I did a lot of digging on nimodipine recently and did not find anything published in a journal on its use in CFS or dysautonomia. I think there were some studies where it was tried for dementia and migraine, in terms of increasing blood flow to the brain.

I have been working through all the standard vasodilating options for OCHOS, and am now heading towards nimodipine, for which I need to make a compassionate access application (in Australia).

I have found they all improved my ceebral blood flow, but I struggled with side effects. Many people take them with no side effects, however.

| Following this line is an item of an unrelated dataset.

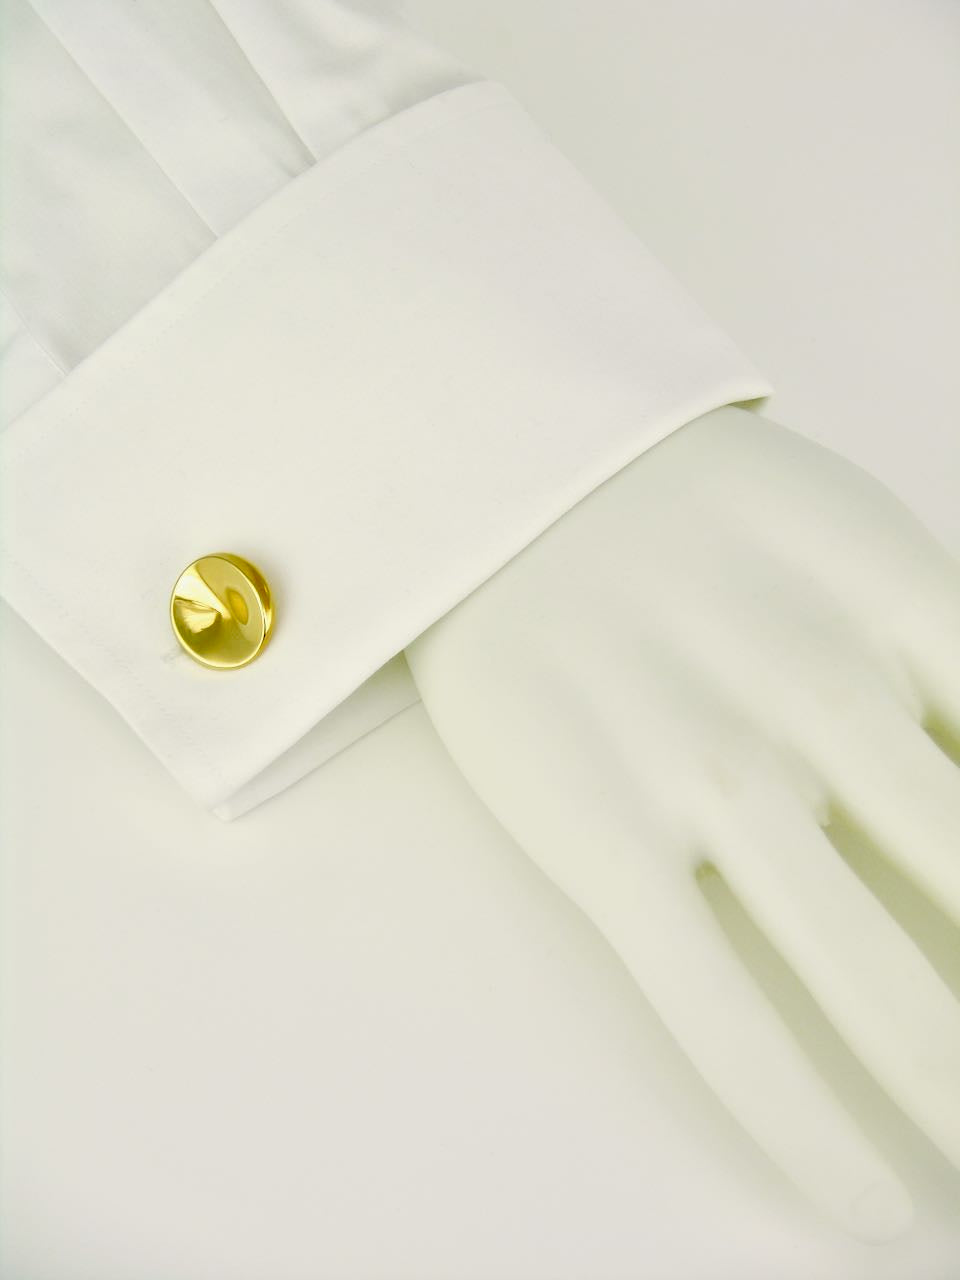 Vintage Georg Jensen 18k yellow gold cufflinks - design 1074C Nanna Ditzel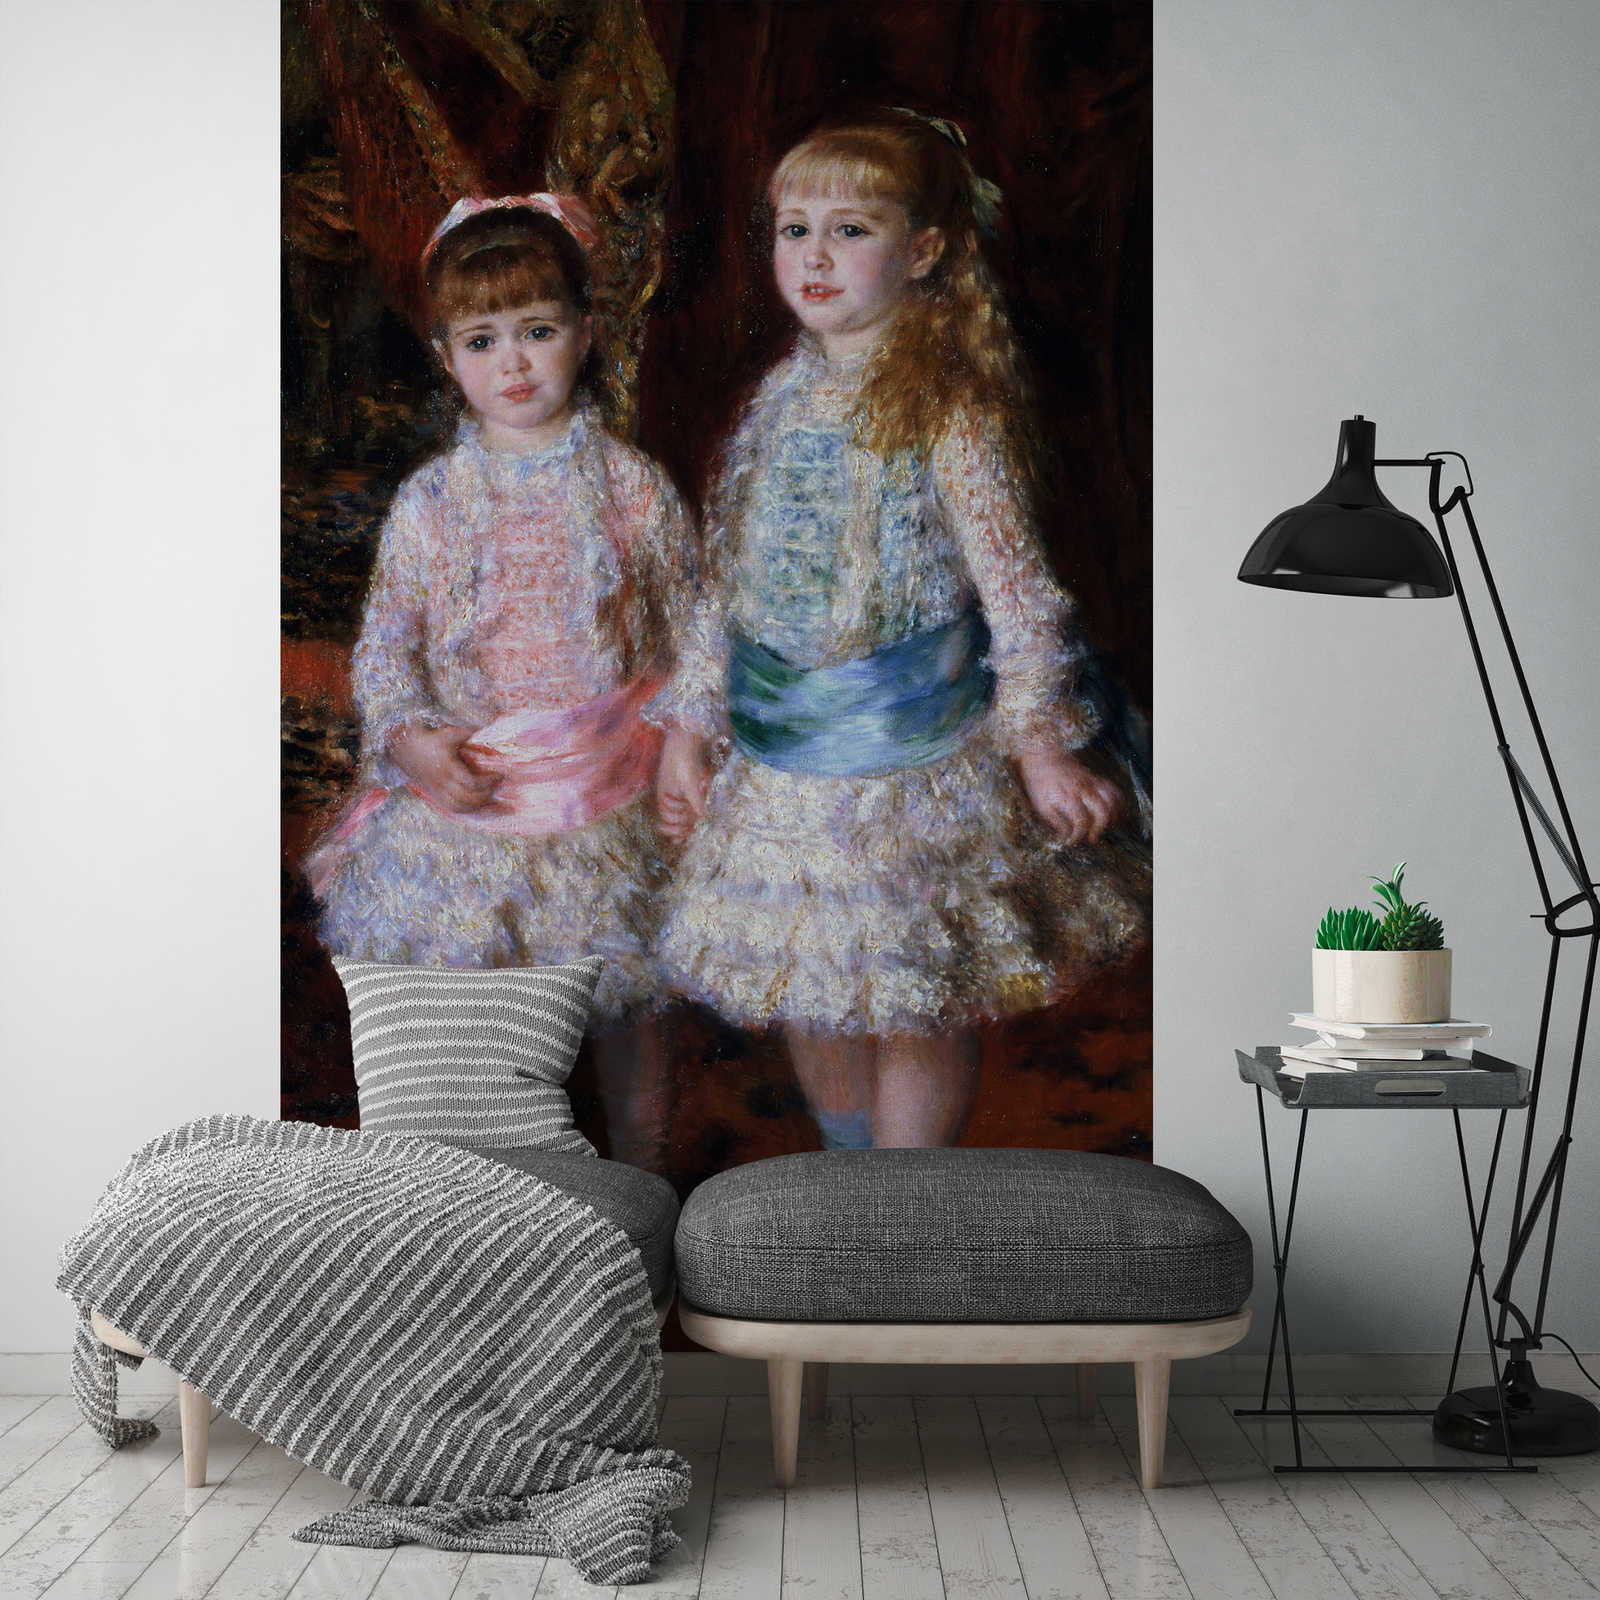             Photo wallpaper "The girls of Cahen d'Anvers" by Pierre Auguste Renoir

Look forward to hearing how the nimodipine goes if you manage to try it.

***
I have OCHOS as described here:
https://pubmed.ncbi.nlm.nih.gov/26909037/

It’s pretty similar to the low cerebral blood flow findings made in CFS patients by Visser, Rowe et al. I don’t have CFS but have thought I might while wandering around the internet for many years. Recently settled on OCHOS diagnosis.

 

[Dude]

I wanted to provide an update on my Nimotop trial; I always find it intriguing when people document their trials, as the initial effect is usually significant but often short-lived.

Unfortunately, the effect diminished again after a few days, and despite increasing the dosage, I couldn't achieve any better results. Truly a shame, but there were still a few nice days

 

[Springbok1988]

I have been on tadalafil for 16 days.

Improvements:
-Sleep is somewhat improved
-Brain feels more "open"
-I can relax a little bit more
-Dizziness improved

I have not noticed improvement in memory, brain fog, or fatigue, unfortunately.
Side effects were initially headaches and eye pain, both of which have gone away.

 

[kangaSue]

I have been working through all the standard vasodilating options for OCHOS, and am now heading towards nimodipine, for which I need to make a compassionate access application (in Australia).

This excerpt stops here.